The same procedure applies to the rest of these.

But a real possibility (based on messages further down) is that you have a problem with mounting a filesystem.

  rpc.yppasswdd:execvp:no such file or directory
  yppasswdd:rpc.yppasswdd startup failed

  gpm:execvp:no such file or directory
  gpm:gpm startupj failed

  httpd:execvp:no such file or directory
  httpd:startup failed

  crond:execvp:no such file or directory
  crond:startup failed

Same comments as above apply to these 4.


  rc.sysinit:mounting proc filesystem succeeded
  sysctl:net.ipv4.ip_forward=0
         net.ipv4.conf.default.rp_filter=1
         net.ipv4.kernel.core_user_pid=1
  rc.sysinit:configuring kernel parameters:succeeded
  mount:mount:mount point /proc/bus/usb does not exist

This suggests that your kernel compile did not work the way you think it did, and some kernel feature that the init scripts expect was not compiled in.



rc.sysinit:mounting usb filesystem:failed modprobe:can't locate module hid Initaialising USB HID interface:failed modprobe:can't locate module keybdev Initialising USB keyboard failed modprobe:can't locate module mousedev Initialising USB MOUSE :failed

These make me suspect that either you did not compile and install modules, or your general compile procedure did not include all the features that the init scripts expect.

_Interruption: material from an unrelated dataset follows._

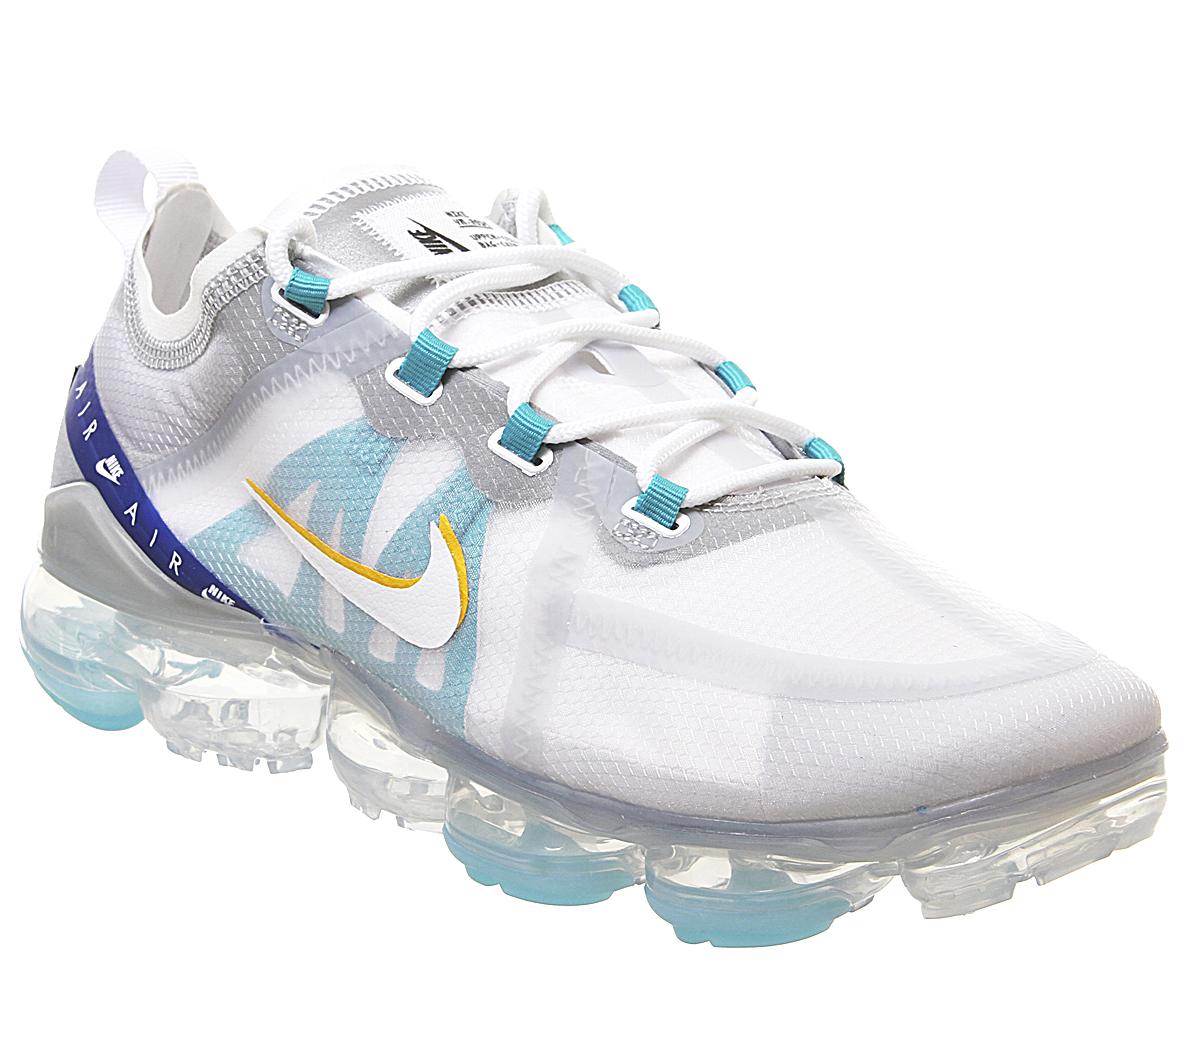 nike running vapormax 19 trainers in white and gold

mount:mount fs type ext3 not supported by kernel Mounting local filesystems :failed

The lack of ext3 support suggests one of the two problems I referred to above. Without knowing your filesystem setup (as reported in /etc/fstab) I cannot tell you all the consequences of this. But if /usr is a separate partition, the lack of /usr/lib could be causing many of your problems.

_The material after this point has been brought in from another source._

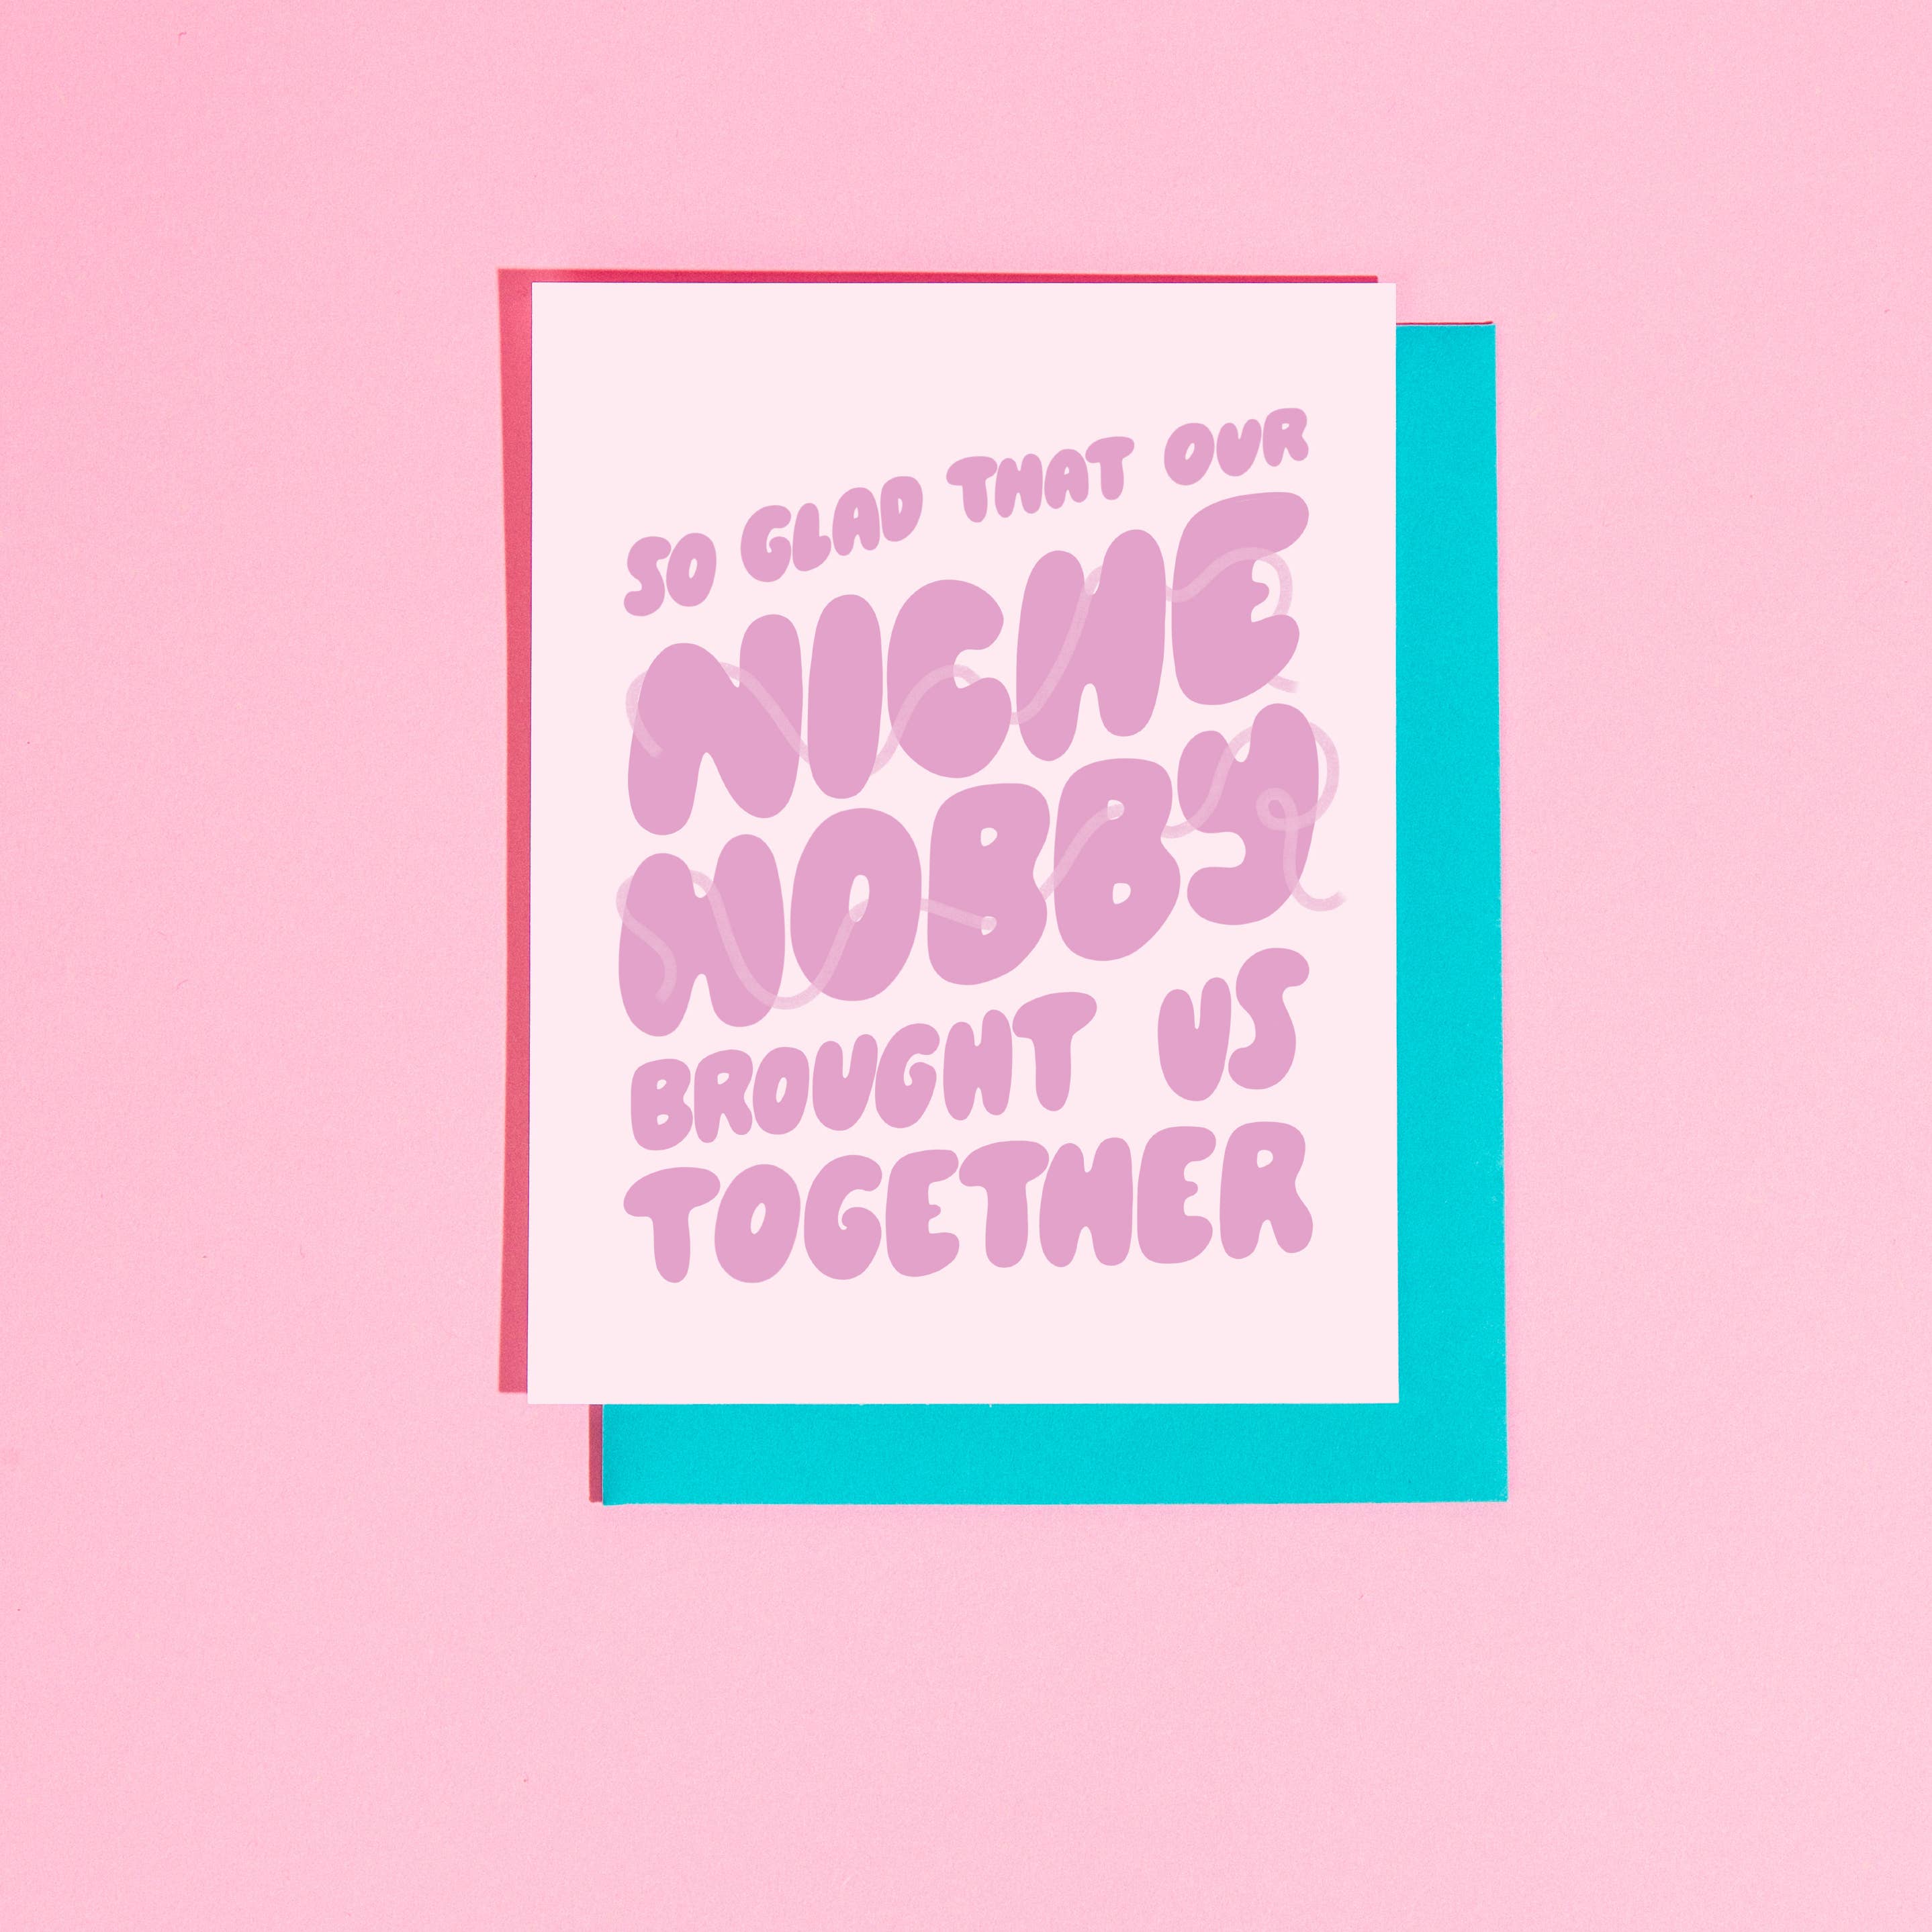 Glad Our Niche Hobby Brought Us Together Greeting Card

One workaround here is to edit /etc/fstab so the filesystems now specified as type ext3 are instead specified as "ext3,ext2". If you do that ... and if the kernel has ext2 support, but it is hard to imagine a working kernel that does not ... then a failure to mount as ext3 will cause a fallback to ext2, and the partitions will mount (albeit without journaling).

  updfstab:execvp: no such file or directory
  kudzu: updating /etc/fstab failed
  iptables:modprobe
  iptables:failed
  iptables:can't locate module ip-tables
  iptables:perhaps iptables or your kernel needs to be

upgraded


Also, the output of the command df , shows that all my partitions are of type ext3.

Don't tell me; show me (that is, quote the output). If they are ext3, but the kernel does not know how to mount ext3, then how did you get them to mount? Are you referring here to mounting under the old or the new kernel?



Iam also unable to see the files or directories of home,misc,nfshome,initrd,opt,usr partitions while Iam able to see the files of root partition.

  Is it because I have specified in the /etc/lilo.conf
  as

"root=/dev/hda1"

  Its not booting when I have given the option,
  append="root=LABEL=/"

  When my original image(RH8.0) is booting and working
fine with this configuration and append="root=LABEL=/"
 in lilo.conf,

I'm not certain about this, but I **think** the approach that fails depends on /etc/fstab, while the one that works does not. So it may be another manifestation of the ext3 problem you report earlier.


why is my new image not working ?

Probably because you compiled it incorrectly. Since there is almost no information in your message about the procedure you followed to get this source, configure it, and compile, I can't offer a *specific* suggestion. My general suggestion is that you review the basic instructions for how to compile (location identified above) and see where you did not follow them.


Your reference to "make oldconfig" is too cryptic for me to discuss it in any detail, but I suspect it reflects a failure to follow the right procedure. This approach will update an existing .config file, but for it to work, you need to have done a kernel compile before of a working kernel (so the existing .config reflects your old kernel's setup). I can't tell from what you sent us if you did this, or if the old kernel was a pre-compiled kernel-image installed by Red Hat.

Before responding, **please** read /usr/sec/linux/README so you understand the general procedure for compiling kernels.